ACTION ITEM: Your answer must be the full listing, reproduced exactly, minus any pictures.

*** Opening DATASET EXCERPT ***

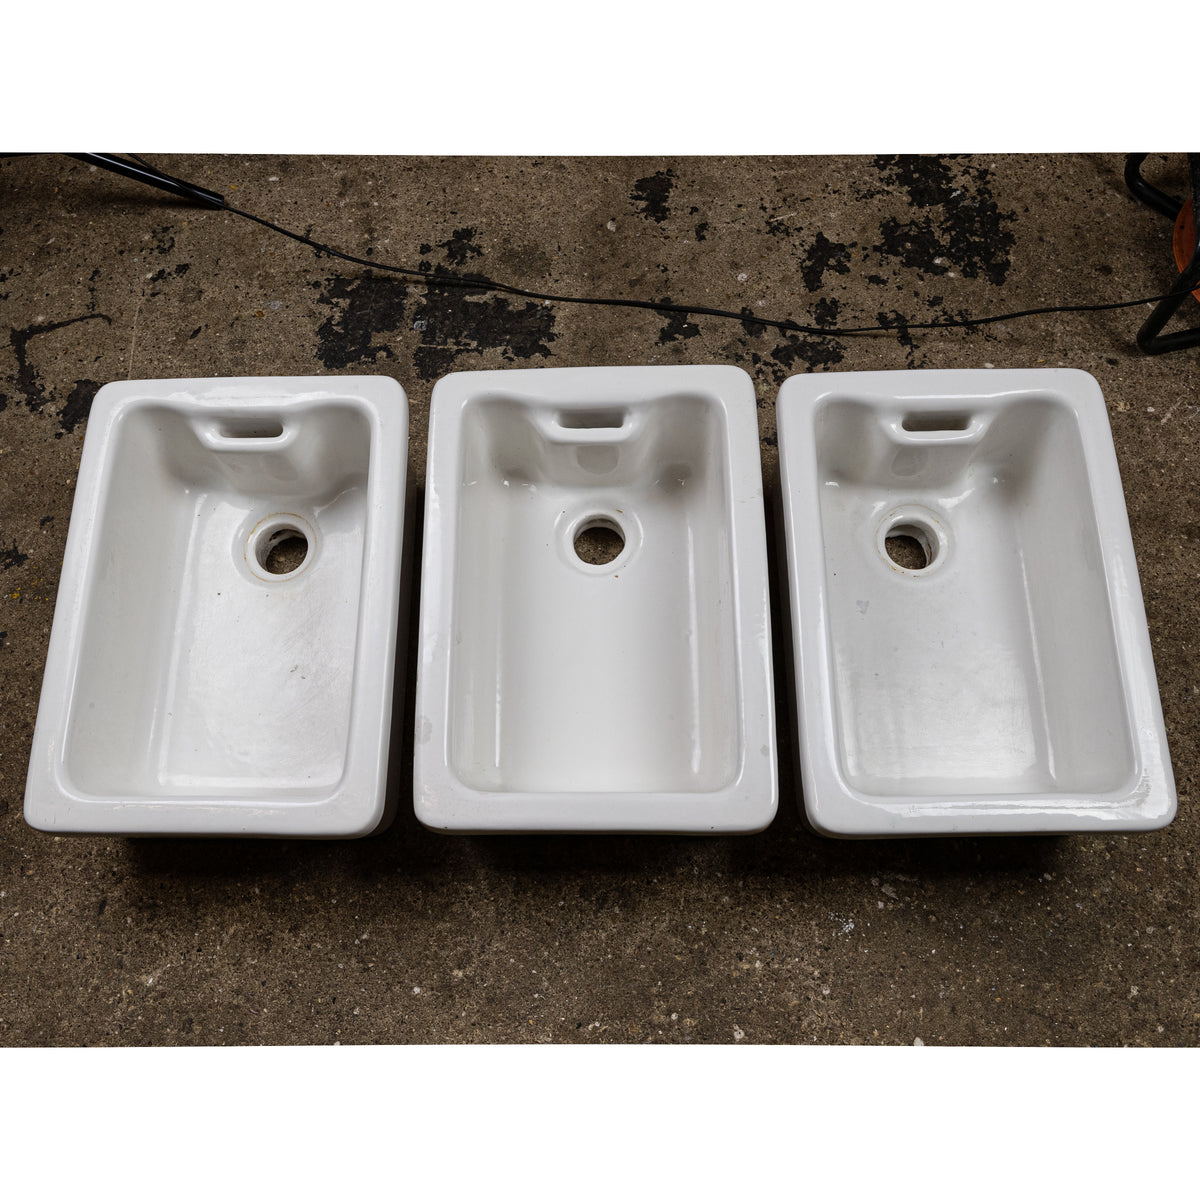 Reclaimed Royal Doulton School Butler Sinks (many available) | The Architectural Forum
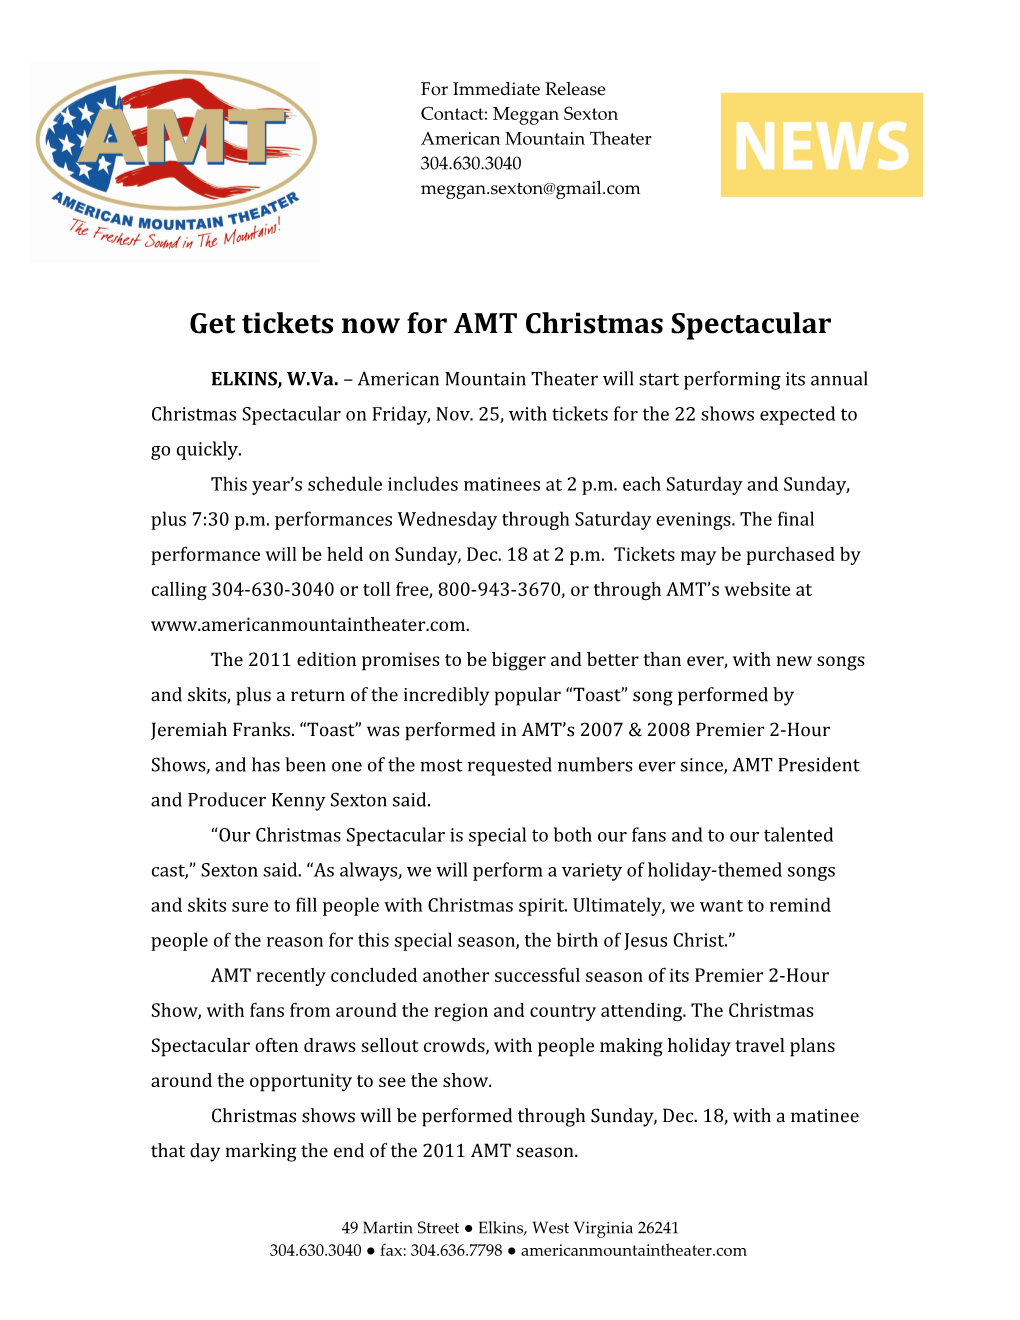 Get Tickets Now for AMT Christmas Spectacular
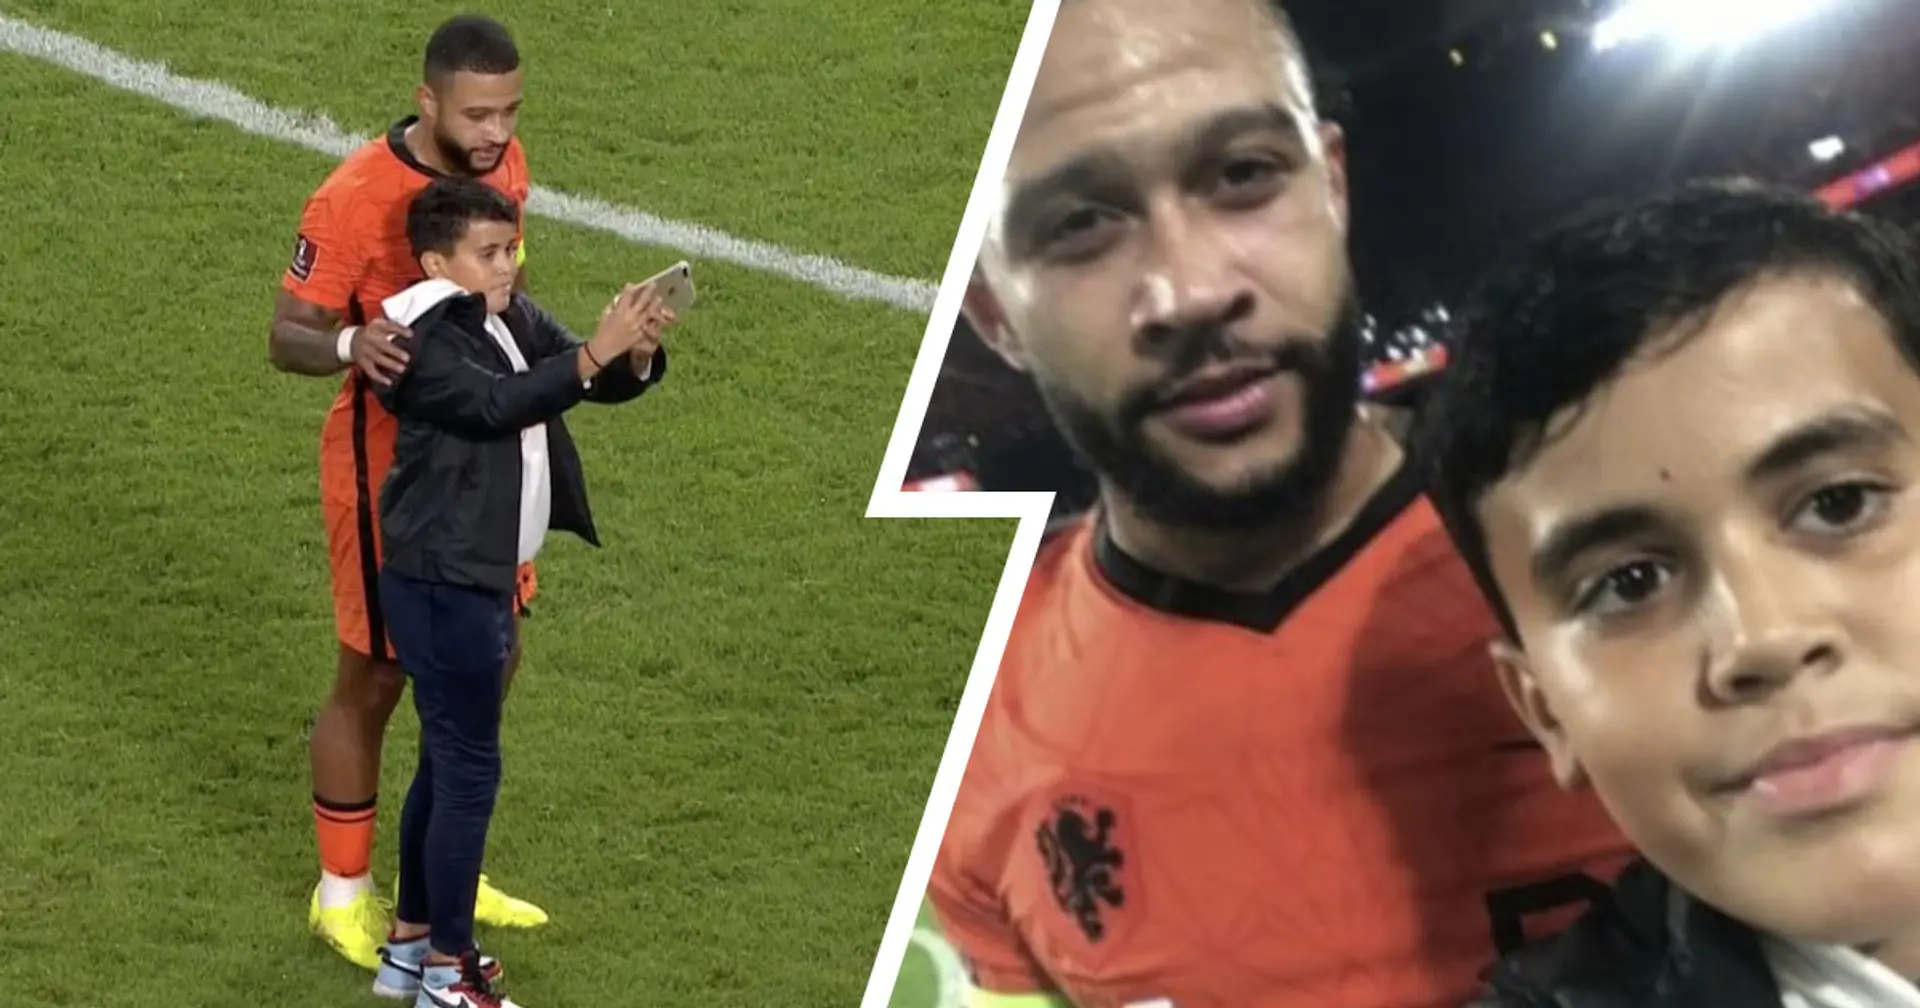 Little kid who took selfie with Depay hit with 45-month stadium ban and €100 fine

*** Closing DATASET EXCERPT ***

EXPECTED ANSWER:
 Reclaimed Royal Doulton School Butler Sinks (many available) | The Architectural Forum
 Get Tickets Now for AMT Christmas Spectacular
 Little kid who took selfie with Depay hit with 45-month stadium ban and €100 fine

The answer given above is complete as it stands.